*GIVEN MATERIAL:*
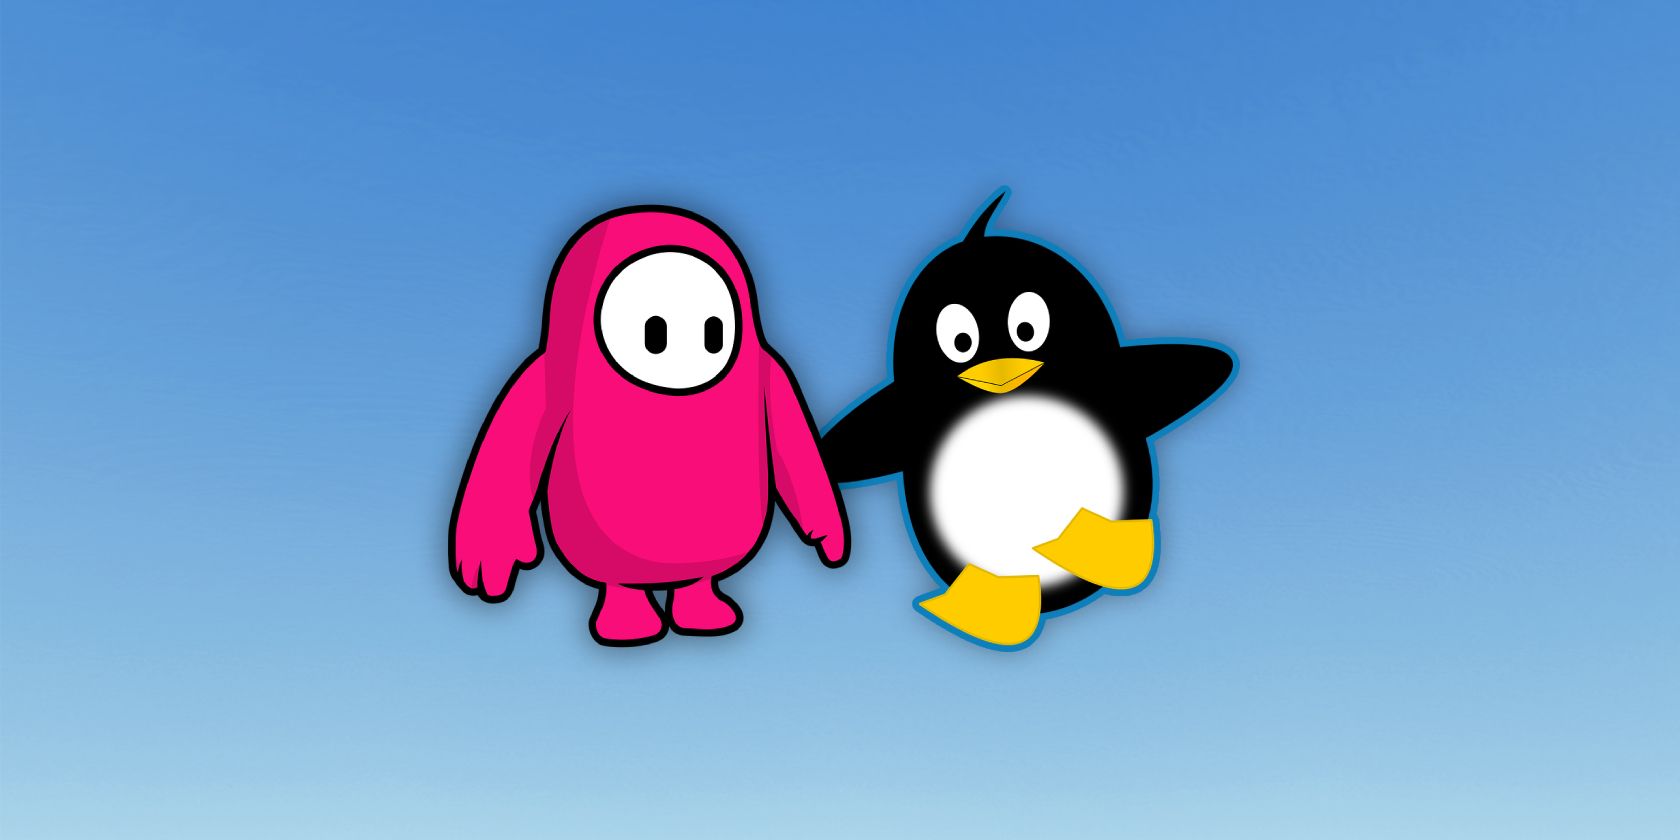 fall guys character and linux tux
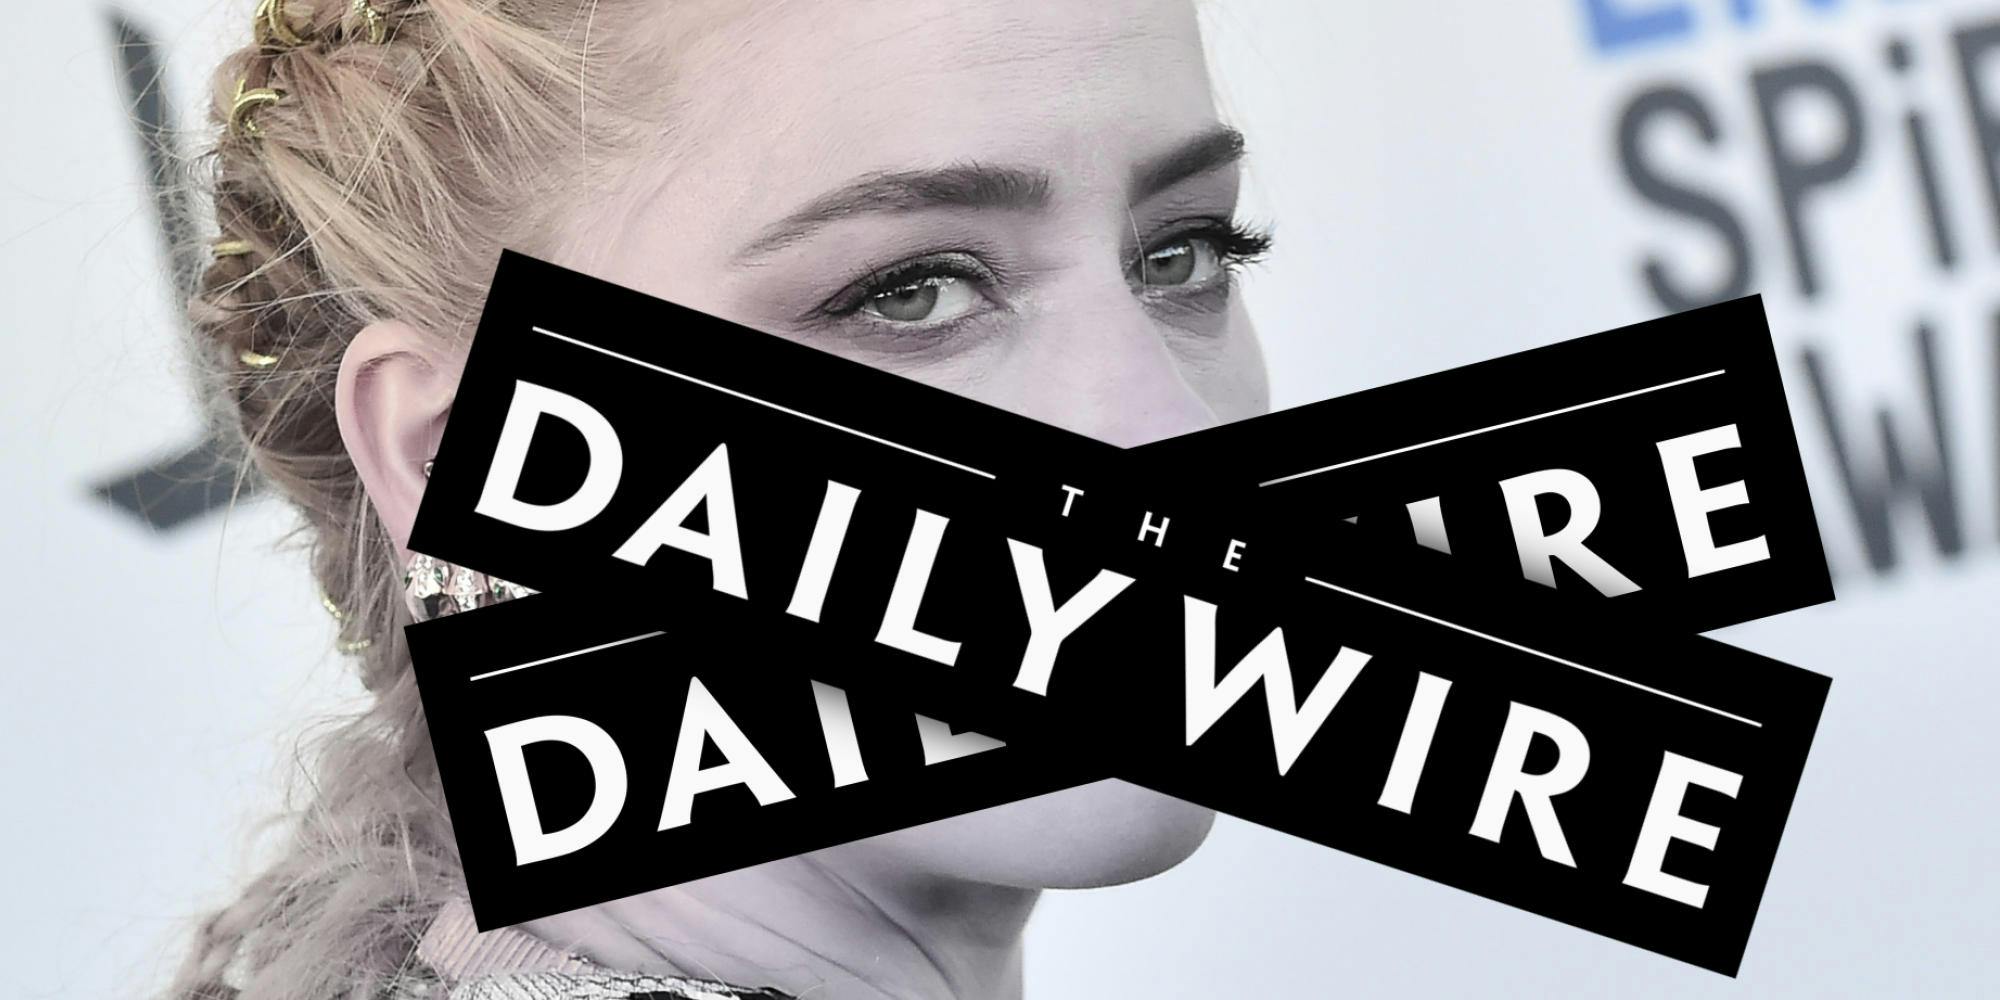 blonde woman but her mouth is being blocked by "The Daily Wire" logos
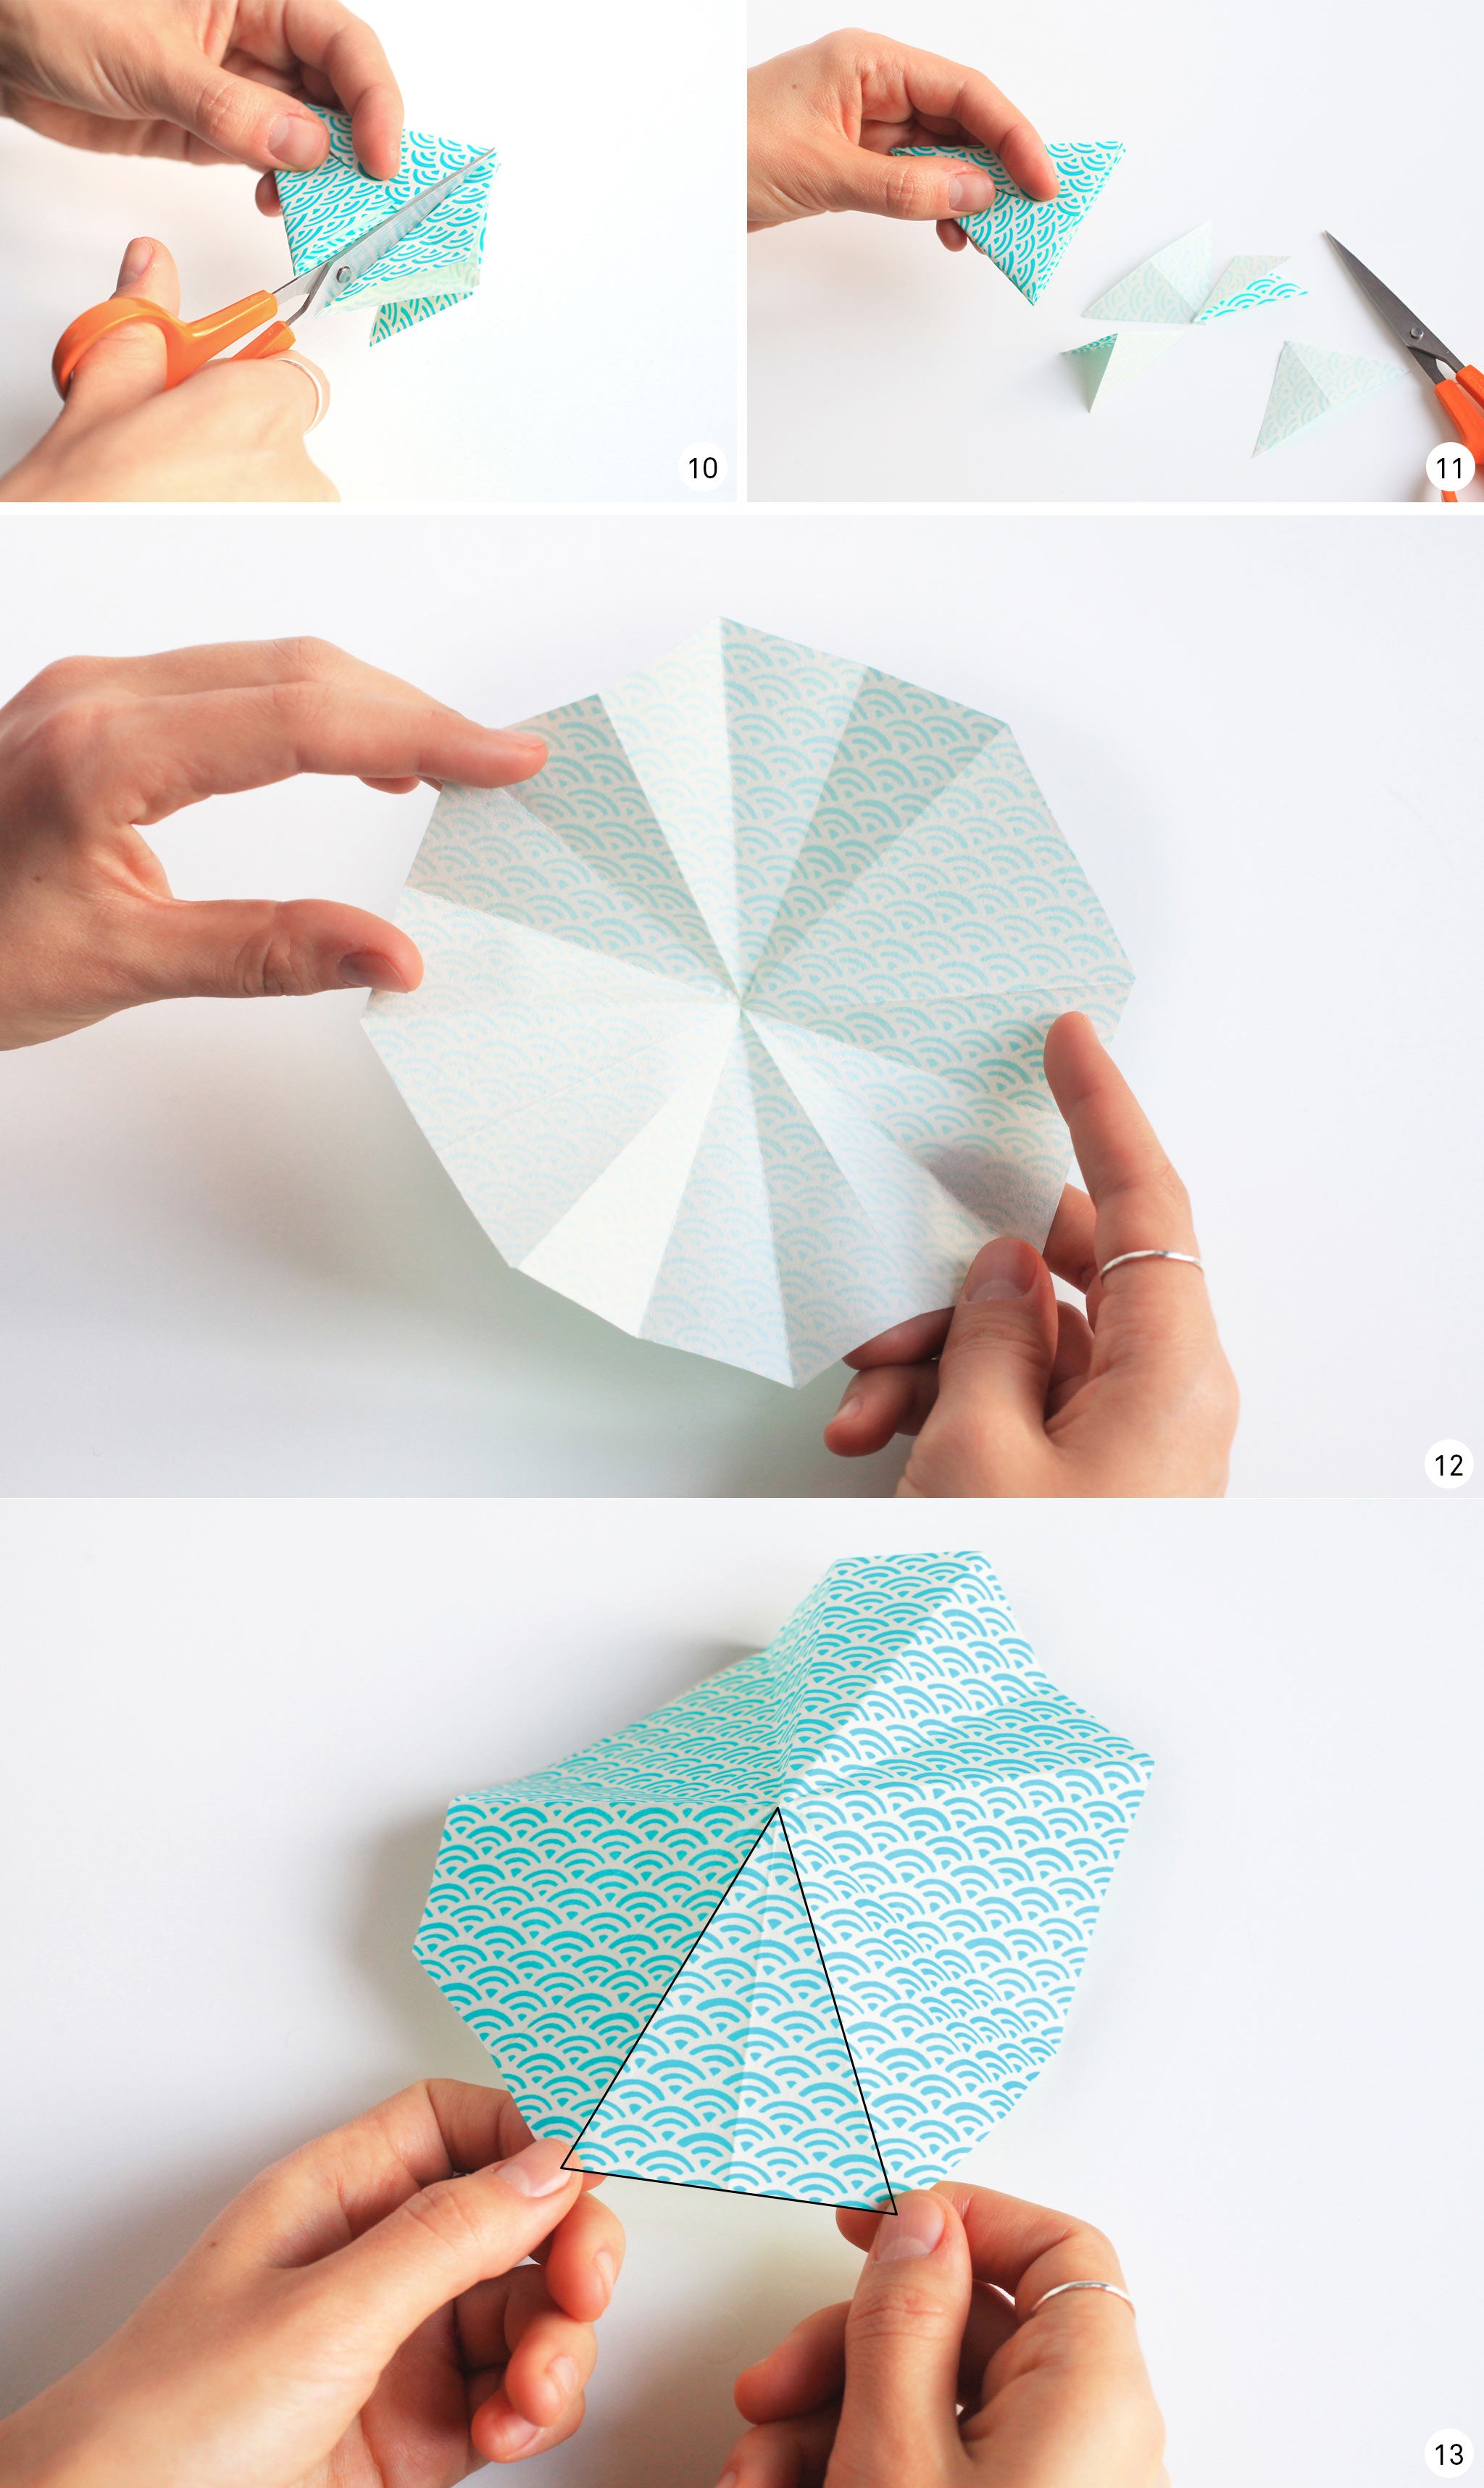 photos-explanations-steps-10-11-12-13-article-blog-tuto-pampille-origami-adeline-klam

*TASK:* Since the pictures are not wanted, transcribe the rest of the listing above exactly.

*TASK SOLUTION:*
 fall guys character and linux tux
 blonde woman but her mouth is being blocked by "The Daily Wire" logos
 photos-explanations-steps-10-11-12-13-article-blog-tuto-pampille-origami-adeline-klam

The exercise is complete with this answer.